= Andreas Rumpf =

German classical archaeologist (1890-1966)

Andreas Rumpf (3 December 1890 - 22 June 1966) was a German classical archaeologist born in Potsdam. He was a specialist of ancient Greek and Roman art, in particular, vase painting and Greek wall painting. He was the son of painter Fritz Rumpf (1856–1927).

He studied classical archaeology at the University of Leipzig under Franz Studniczka (1860-1929), earning his doctorate with a dissertation on the murals in Veii, titled "Die Wandmalereien in Veji." In 1923 he received his habilitation at Leipzig with a thesis on Chalkidiki vases.
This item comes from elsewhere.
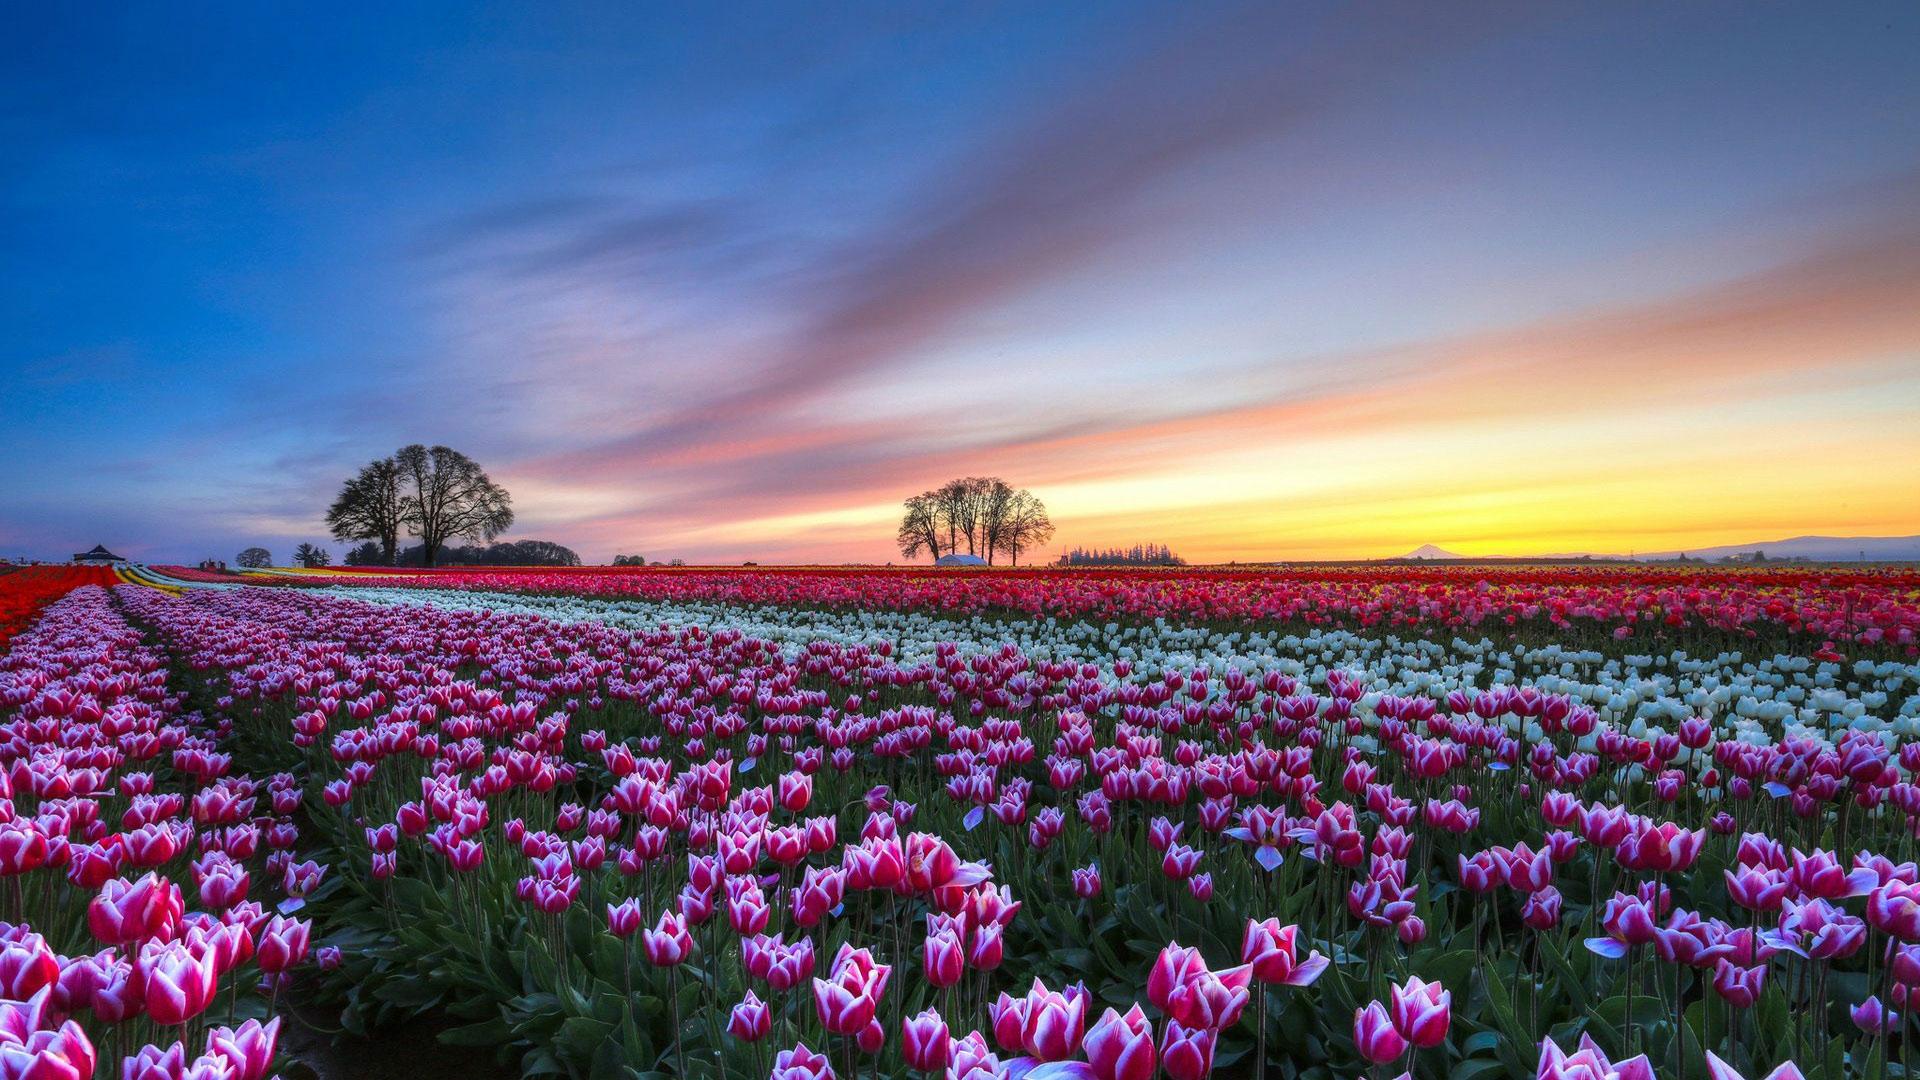 Plano De Fundo Full Hd: Papel De Parede Flores Da Primavera

From 1928 to 1960 he was a professor of classical archaeology at the University of Cologne.

He was editor of the "Griechische und römische Kunst" (1932, part of the Einleitung in der Altertumswissenschaft series).

== Selected publications ==
- Chalkidische Vasen (Chalkidiki vases) (Berlin 1927).
- Katalog der etruskischen Skulpturen (Catalog of Etruscan sculptures) (1928).
- Antike Sarkophagreliefs: die Meerwesen (1939).
- Malerei und Zeichnung der klassischen Antike (Paintings and drawings of classical antiquity), "Handbuch der Archäologie" IV 1 (Munich 1953).
- Archäologie. 1 Einleitung. Historischer Überblick (Archaeology, 1. Introduction, historical overview), two volumes (Berlin 1953).
- Archäologie. 2 Die Archäologensprache. Die antiken Reproduktionen (Archaeology, 2. The archaeologists' language, the antique reproductions) (Berlin 1956).
- Stilphasen der spätantiken Kunst (Köln 1957).